The use of biomarker screening can support improvements in the outcomes of biopharma immuno-oncology studies
Patient identification for optimal treatment has become possible due to the surge of predictive biomarker signatures, which can serve as powerful tools to determine the likelihood of response, or lack of response, to a particular therapy. Biomarker signatures enable the stratification of patient populations, improving therapy response rates in clinical trials, and therefore, they hold considerable potential to optimize both biopharma investment as well as patient outcomes.

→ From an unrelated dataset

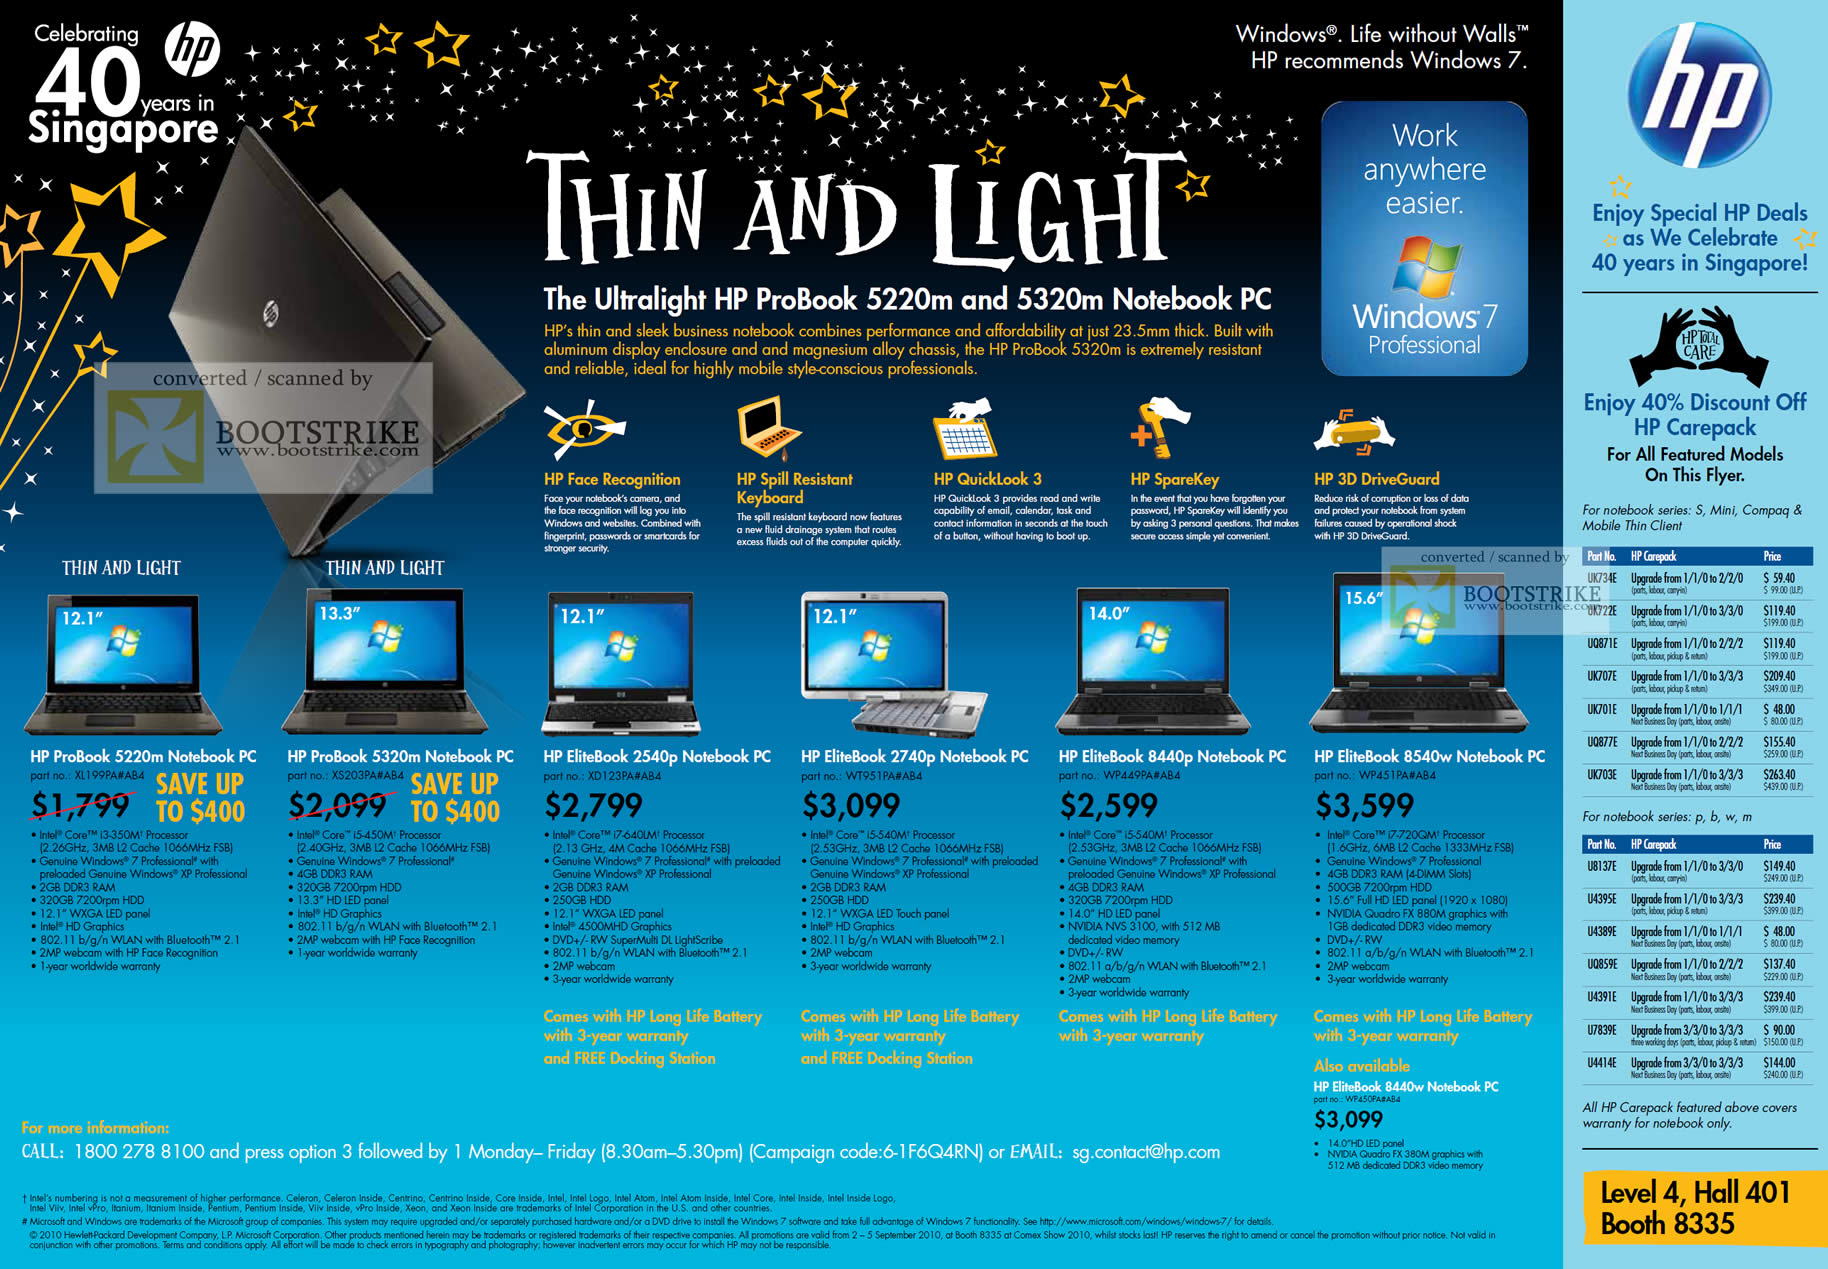 Comex 2010 price list image brochure of HP Notebooks ProBook 5220m 5320m 2540p EliteBook 2740p 8440p 8450w 8440w
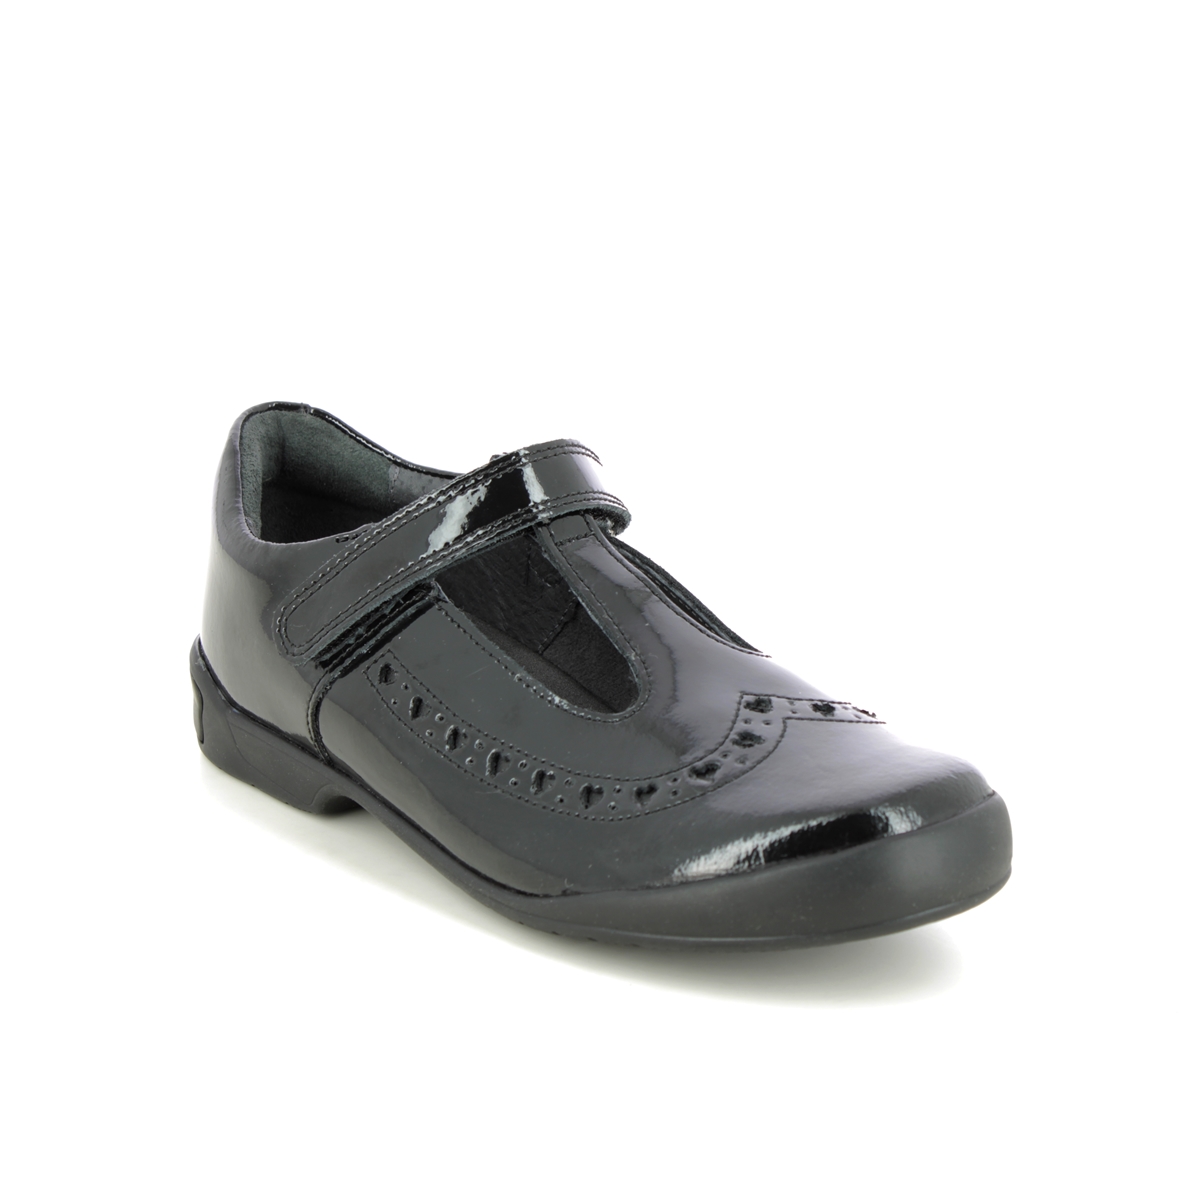 Start Rite - Leapfrog In Black Patent 278937G In Size 12.5 In Plain Black Patent For School Girls Shoes  In Black Patent For kids

Identifying biomarkers with good predictive value requires phenotyping tissue samples of different patient populations and disease states. Gaining insights into the spatial immune environment of tumors is necessary for a thorough understanding of molecular changes that govern disease progression and impact immunotherapy response rates across different populations. Biopharma researchers require versatile tools that offer high-plex analysis capabilities, high-throughput automation, and high reproducibility to fulfill their translational needs. The use of biomarkers in research and clinical studies has grown exponentially in recent years (Figure 1). Since the human genome was sequenced, the use of biomarkers as inclusion or exclusion criteria for enrolling patients in clinical research has substantially expanded1. Some studies have documented the significant impact that biomarker selection can have on regulatory approval rates, demonstrating that a likelihood of a successful transition from Phase I up to Approval is 26% when performed with biomarker selection versus 8.4% without. It is clear that biomarker selection provides a critical tool for improving the efficacy and speed of clinical research.